→ **Your objective**
Without copying any picture, transcribe exactly the lines of the data below from the one containing "Avengers Endgame Black" through the one containing "Lovely happy female".

→ **Source information**
= = = = = = =

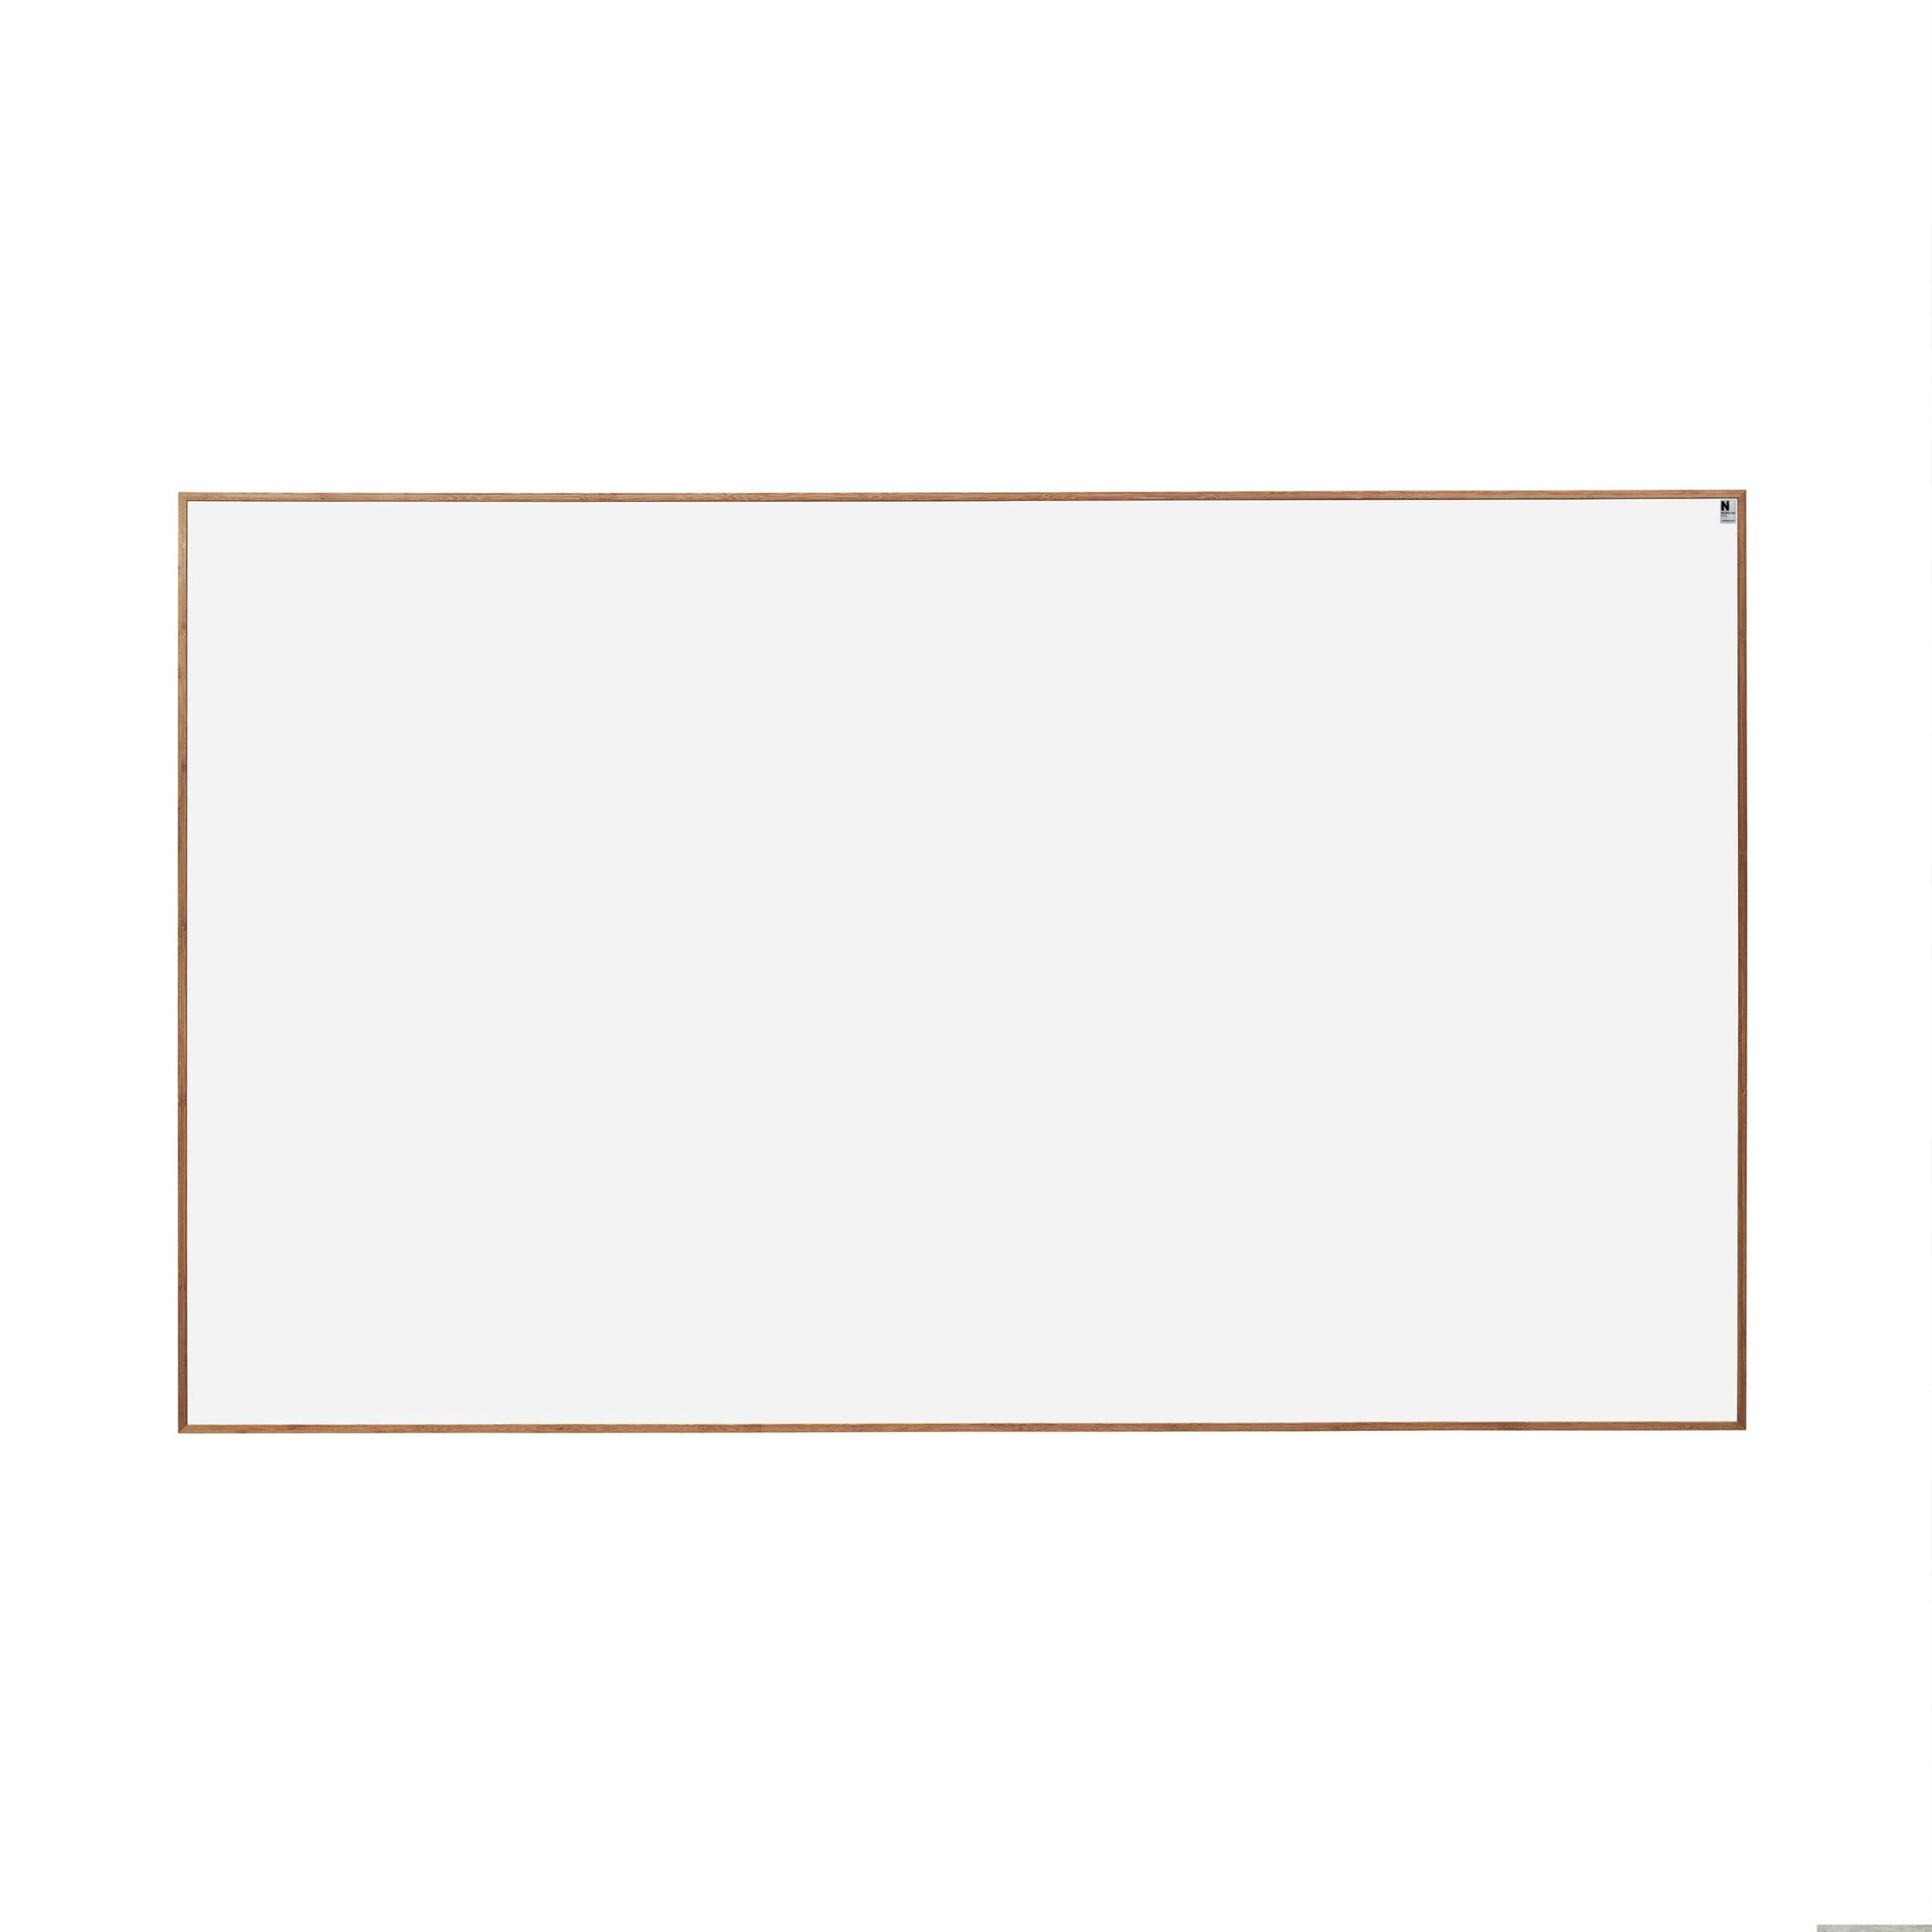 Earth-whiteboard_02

= = = = = = =

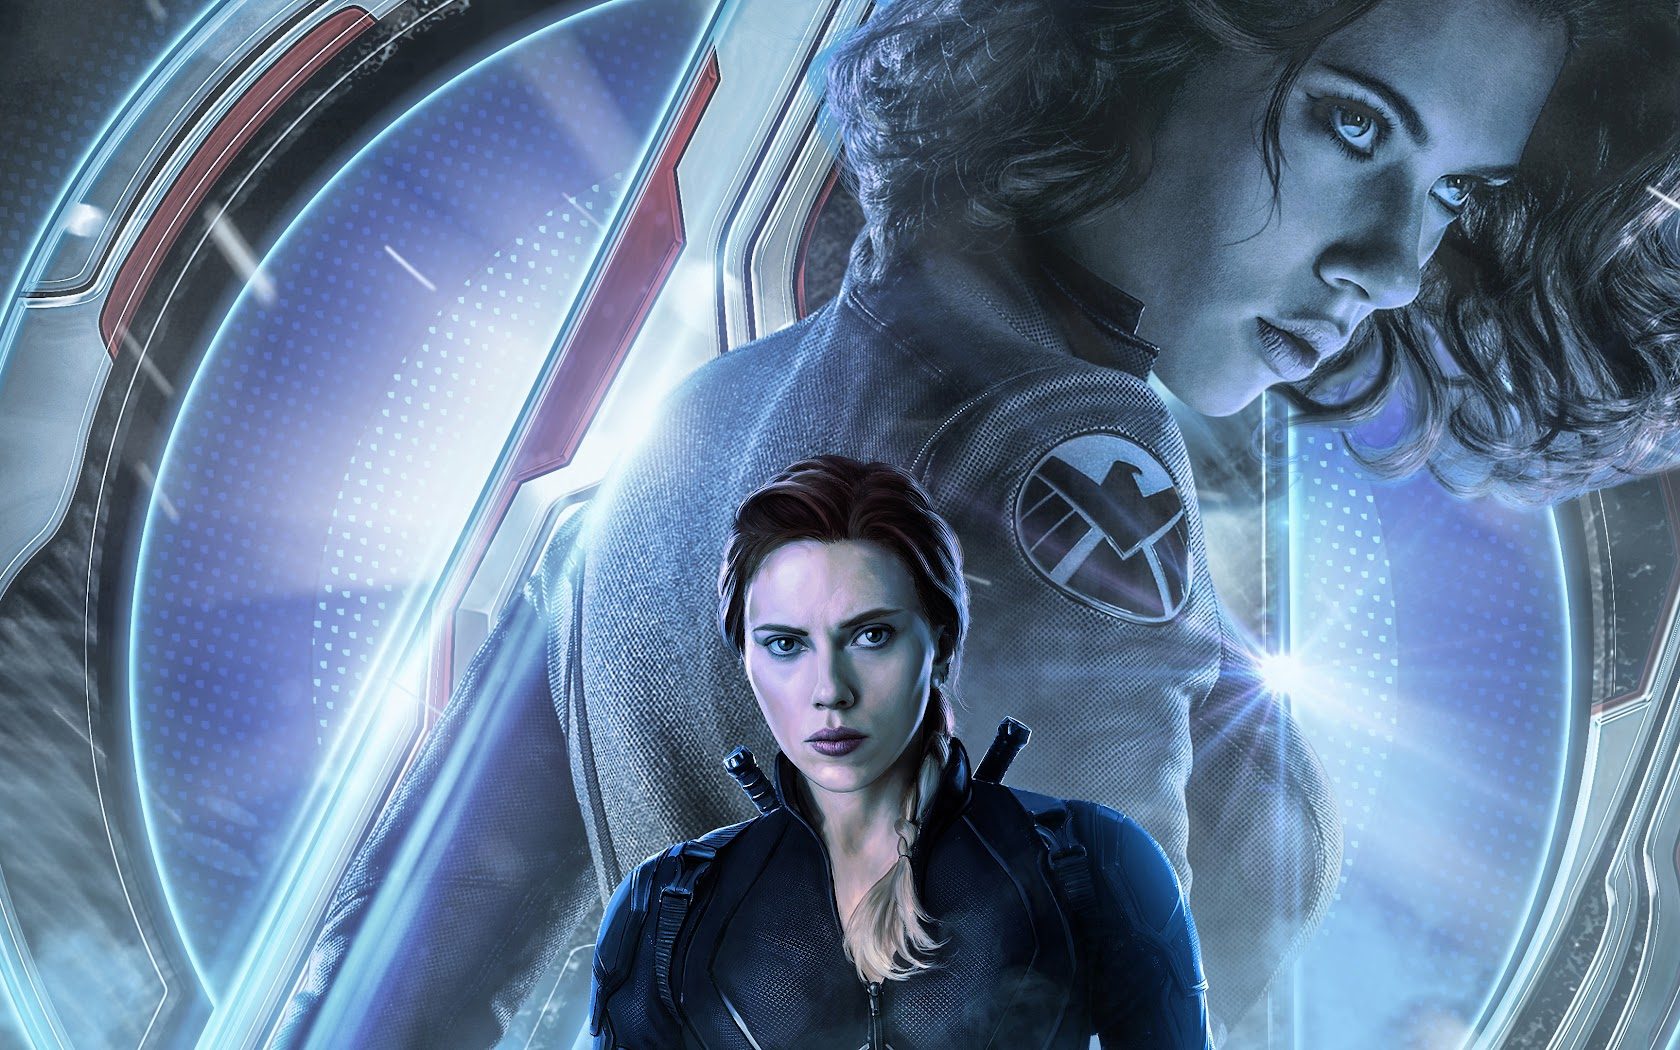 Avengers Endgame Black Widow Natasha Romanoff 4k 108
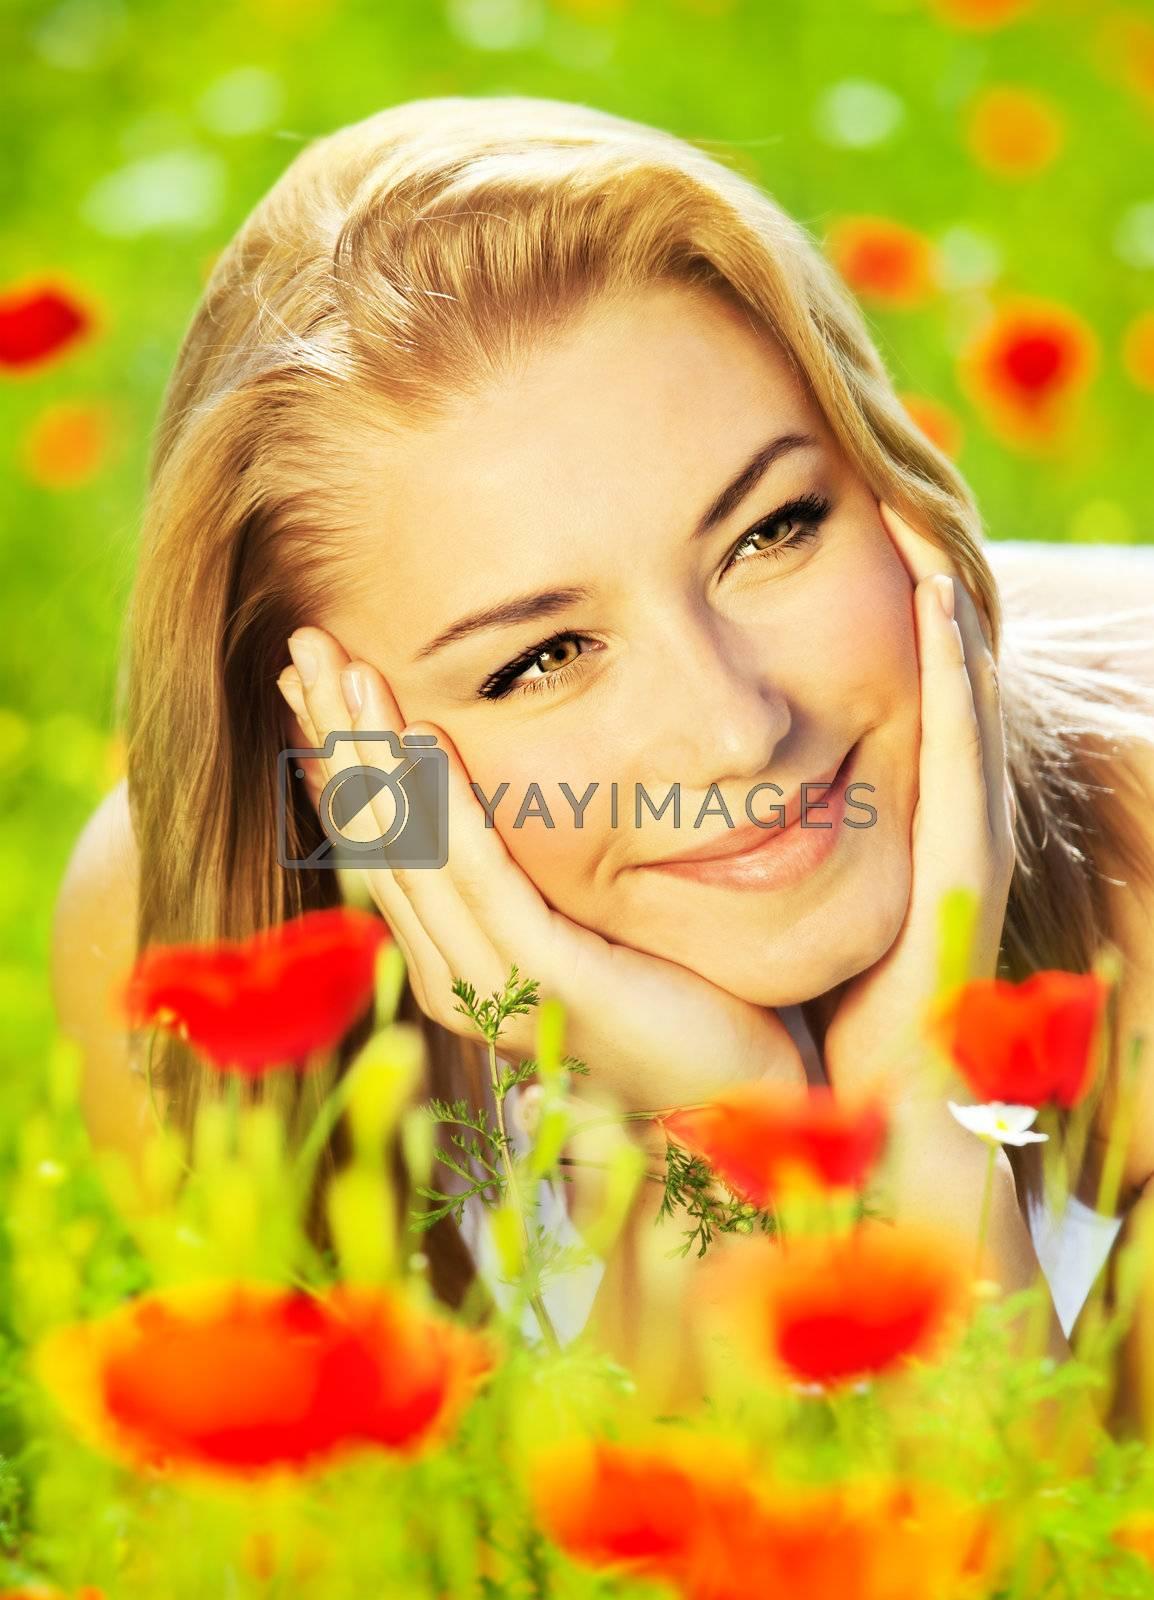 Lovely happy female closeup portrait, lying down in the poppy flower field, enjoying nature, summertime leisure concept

= = = = = = =

→ **Result**
 Avengers Endgame Black Widow Natasha Romanoff 4k 108
 Lovely happy female closeup portrait, lying down in the poppy flower field, enjoying nature, summertime leisure concept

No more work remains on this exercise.